Я хотел доехать до родного села, а там, наверное, кто-нибудь да знает судьбу моего сына. Однако прямо за Ведено, где начинается высокогорная Чечня, мощный блокпост – далее проезд просто запрещен. И как мне сообщили – выше никто не живет. Все села разбиты. Жителей нет. Только в более-менее большом после Ведено селе Харачой осталось с десяток людей, и то очень пожилые, и туда проезд запрещен. В принципе эта поездка на родину ничего мне не дала, лишь узнал, что мой кабинет еще свободен – специалиста по бурению здесь нет, так что заменить меня некем, как говорится, дураков нет. Но и у меня иных вариантов работы нет. Просто я попросил недельку – поехать в Москву, а мне даже командировку сообразили. Как и обещал дочери, через пару дней увидел ее. И первое, что она сказала:
– Дада, ты совсем почернел.
– Это загар кубинский.
– Тот загар был розовый, и он быстро сошел. А это гарь чеченской войны и наших потерь на твоем несчастном лице.
Чуть позже она спросила:
– Ты ведь с дороги голодный. Почему не ешь?
– Я поел, больше не хочу.
У меня просто не было аппетита в этом тяжелом положении. Я боялся при ней расплакаться, хотя очень хотел, еле себя сдерживал. А у нее ведь ответственный экзамен, ей плакать нельзя, и она мне так и сказала, просто поддела:
– Москва слезам не верит.
– Да-да, – напрягся я. – Ты должна. Ты обязана ради матери поступить… И младший об этом просил, мечтал.

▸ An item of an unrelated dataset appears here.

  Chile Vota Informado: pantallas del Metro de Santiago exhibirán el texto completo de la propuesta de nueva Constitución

Вот тут у меня предательски голос сорвался, и я уже не мог слезы сдержать. То же самое с ней. Рыдая, она бросилась в свою комнату, а я в ванную, чтобы поток воды заглушил мои рыдания. Через несколько часов, уже ночь наступила, я осторожно постучал в ее дверь:
– Шовда, давай покушаем, – даже ответа не последовало. Тогда я добавил:
– У тебя ведь экзамен, – только теперь услышал шорох за дверью.

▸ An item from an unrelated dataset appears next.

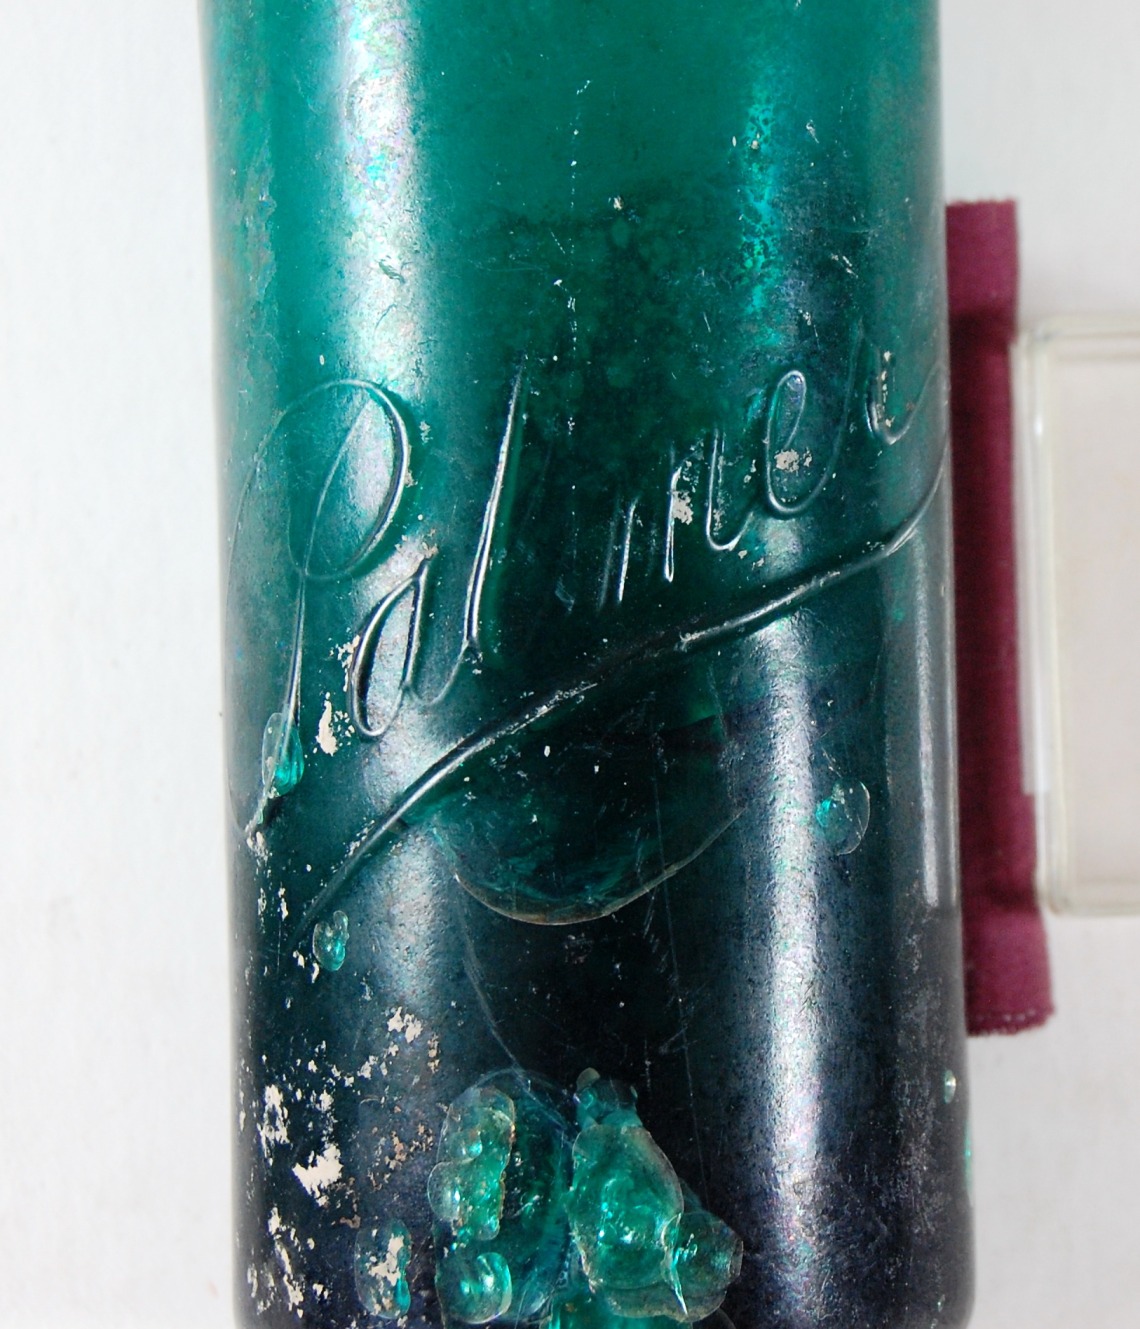 Green glass Palmer’s bottle

Она вышла не сразу. Строгая, спокойная, только глаза воспалены на фоне синюще-фиолетовых кругов. Мне ее так жалко, и я не знаю, что делать. А она как-то непреклонно подошла к роялю, села за инструмент и осипшим голосом:
– Вокал провалю… Тогда придется и мне жить в Грозном в твоем рабочем кабинете
Я что-то стал лепетать, мол, еще два дня, время еще есть и голос вернется. А она очень строго:
– Дада, до сих пор стеснялась сказать… В общем, Руслан мне присылал стихи. И одно было посвящено тебе. Так и называется – «Стигал – Небо». Я на эти слова, – тут она чуть не сорвалась, тяжело глотнула и продолжила, – на эти стихи постаралась наложить мелодию. Послушай, пожалуйста. Оцени…
… – Вы родитель экзаменующейся? – обратилась ко мне очень пожилая женщина в приемной ректора консерватории. – Я в курсе, что вы допущены к прослушиванию на экзамене… Проходите, – она показала мне кресло в самом дальнем углу. По правде, я думал, что раз экзамен сдается в кабинете ректора, и он, как я понял – благосклонен, то все будет несколько формально, условно… Отнюдь – атмосфера почему-то ощутимо накалена, все очень напряженно, официально и строго по протоколу. Создана комиссия из семи человек – все люди пожилые, интеллигентные, и, судя по всему, их отношение будет сугубо объективное и принципиальное.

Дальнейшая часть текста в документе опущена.